Given material:
>>
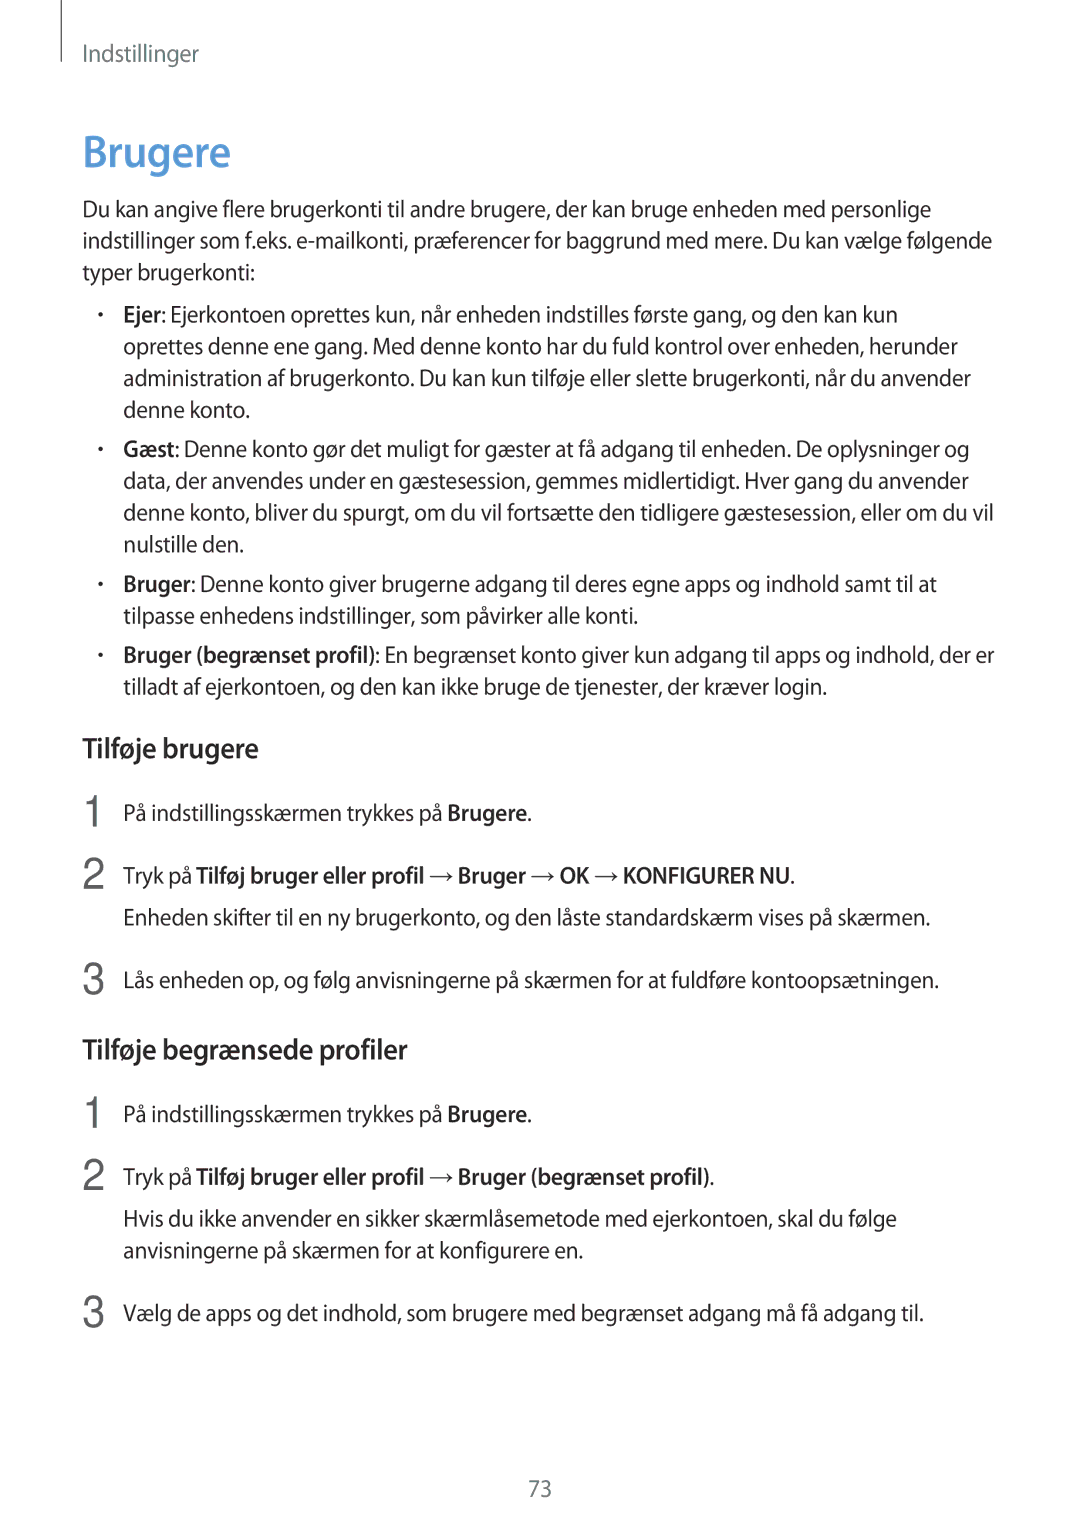 Samsung SM-T580NZWANEE manual Tilføje brugere, Tilføje begrænsede profiler, På indstillingsskærmen trykkes på Brugere 
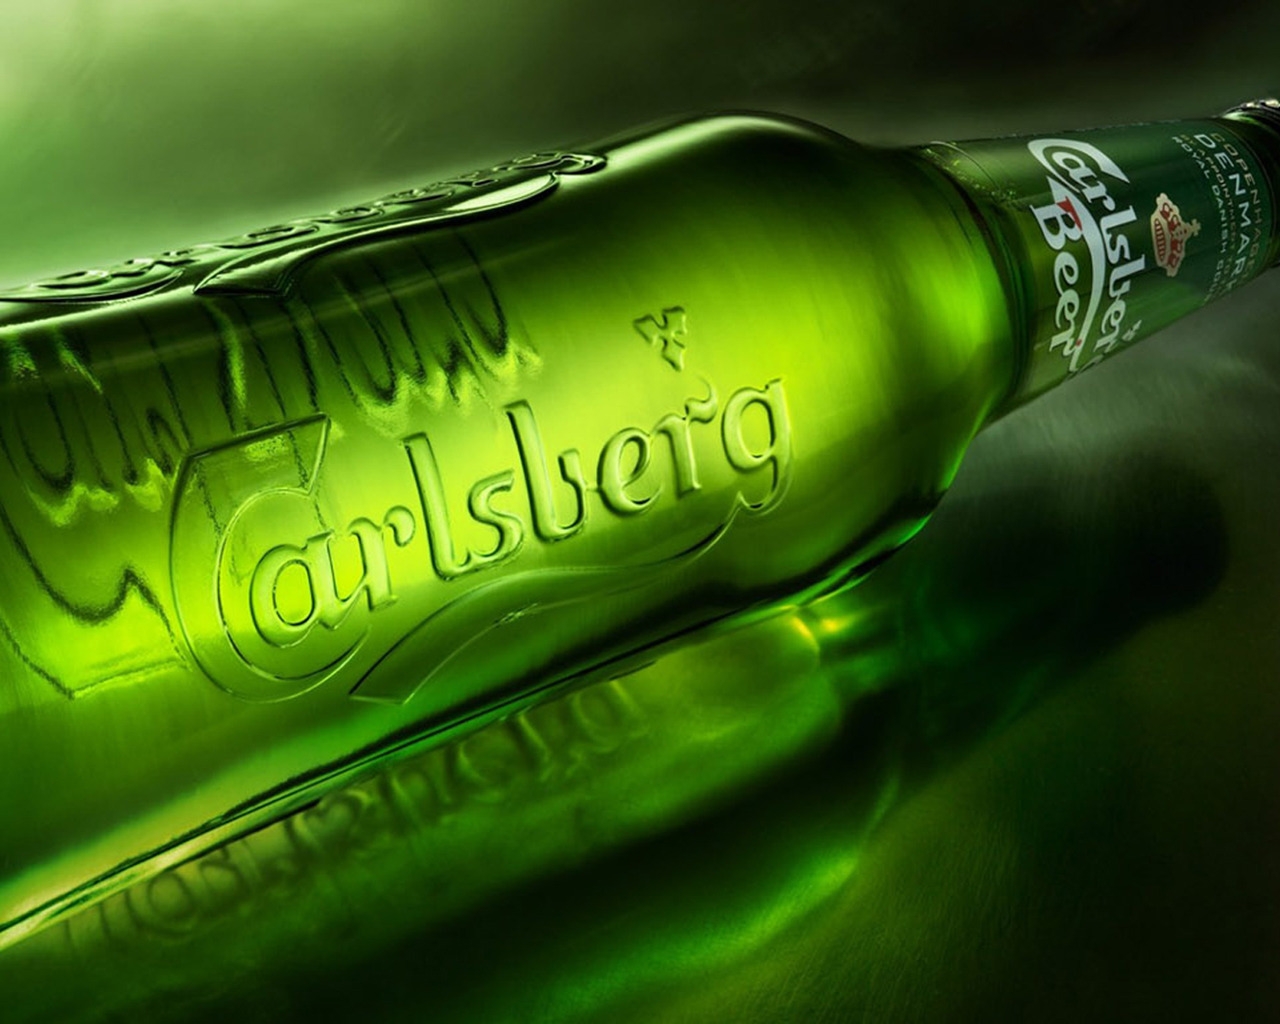 Carlsberg Bottle for 1280 x 1024 resolution
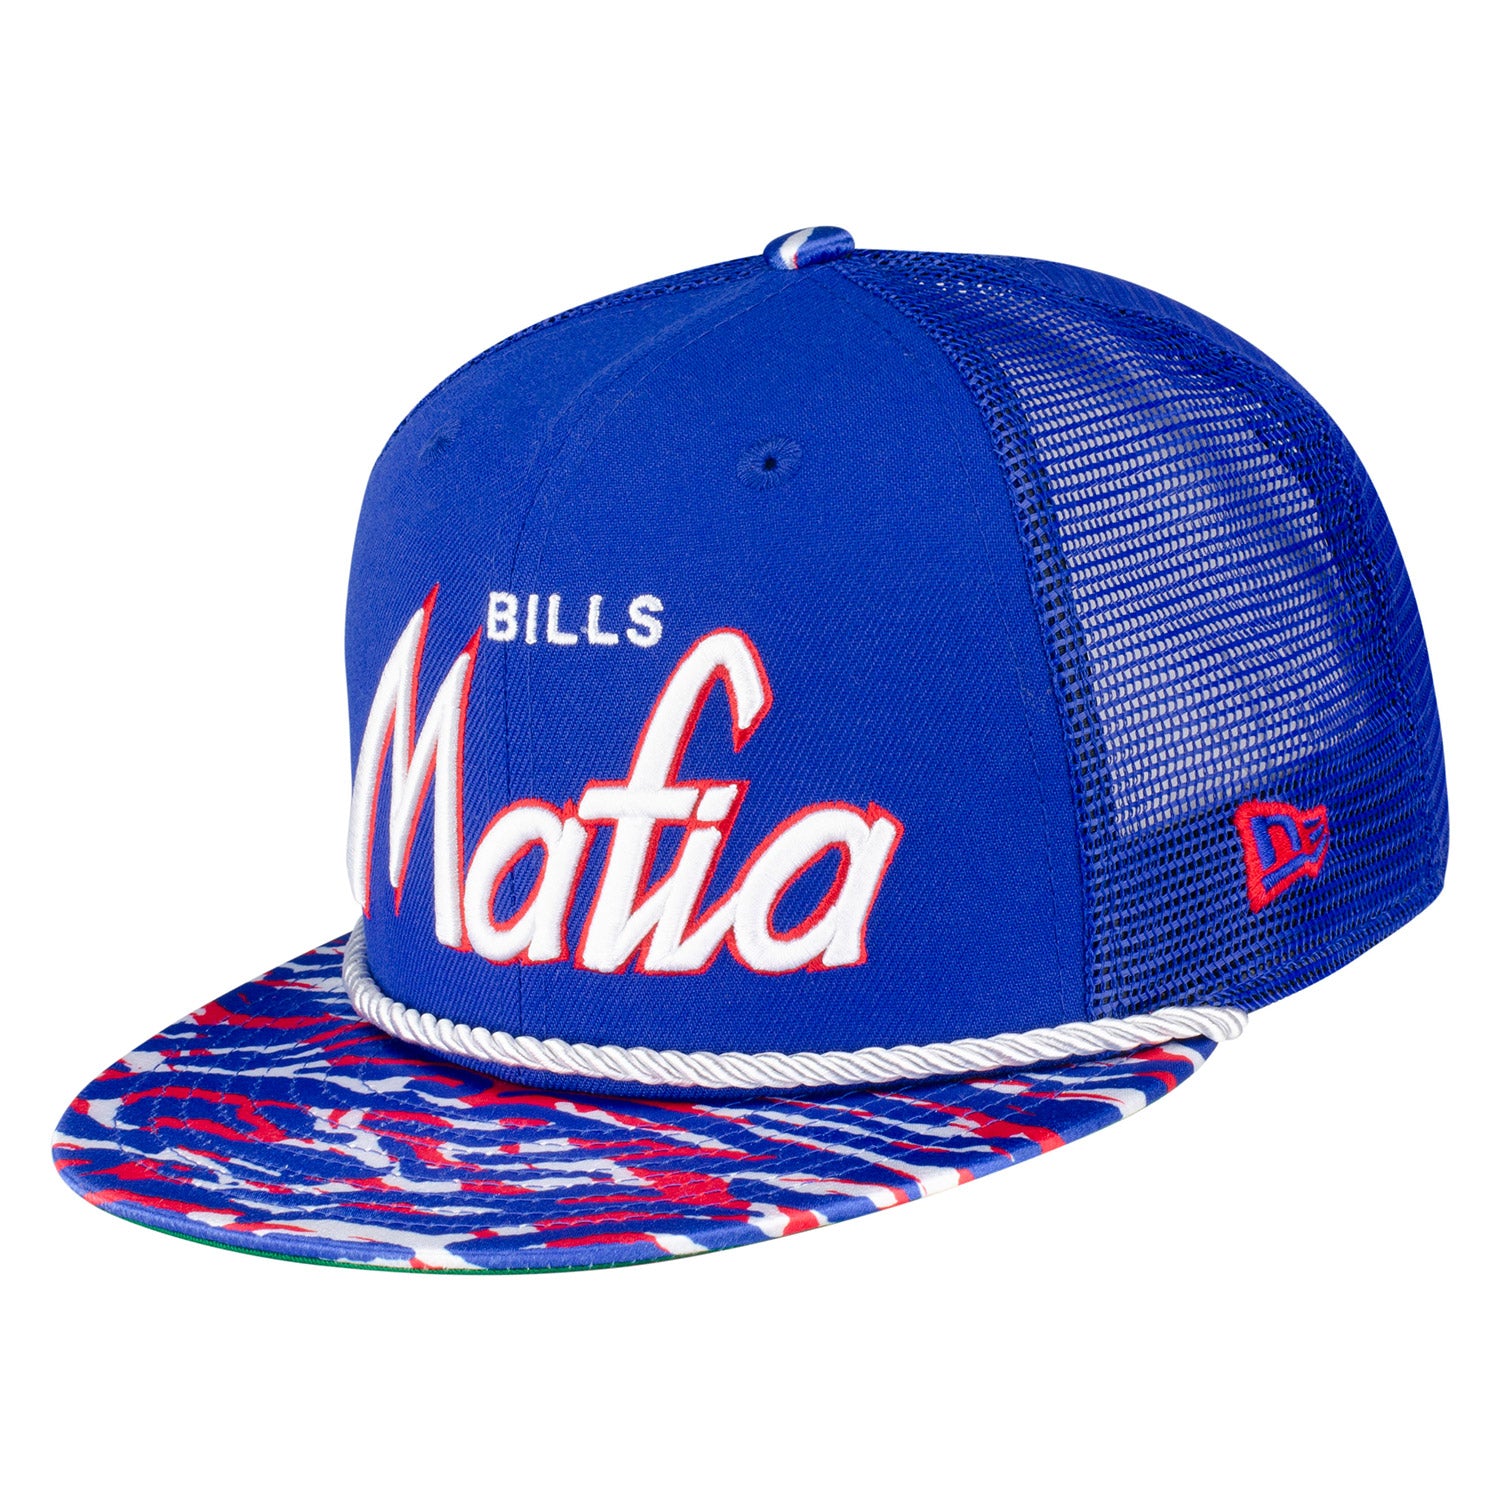 Mafia The Bills Trucker New Hat Snapback | Era Bills 9FIFTY Store
<<
About this task:
I would like the material above returned exactly as it stands, without its pictures.

Finished task:
 Samsung SM-T580NZWANEE manual Tilføje brugere, Tilføje begrænsede profiler, På indstillingsskærmen trykkes på Brugere 
 Carlsberg Bottle for 1280 x 1024 resolution
 Mafia The Bills Trucker New Hat Snapback | Era Bills 9FIFTY Store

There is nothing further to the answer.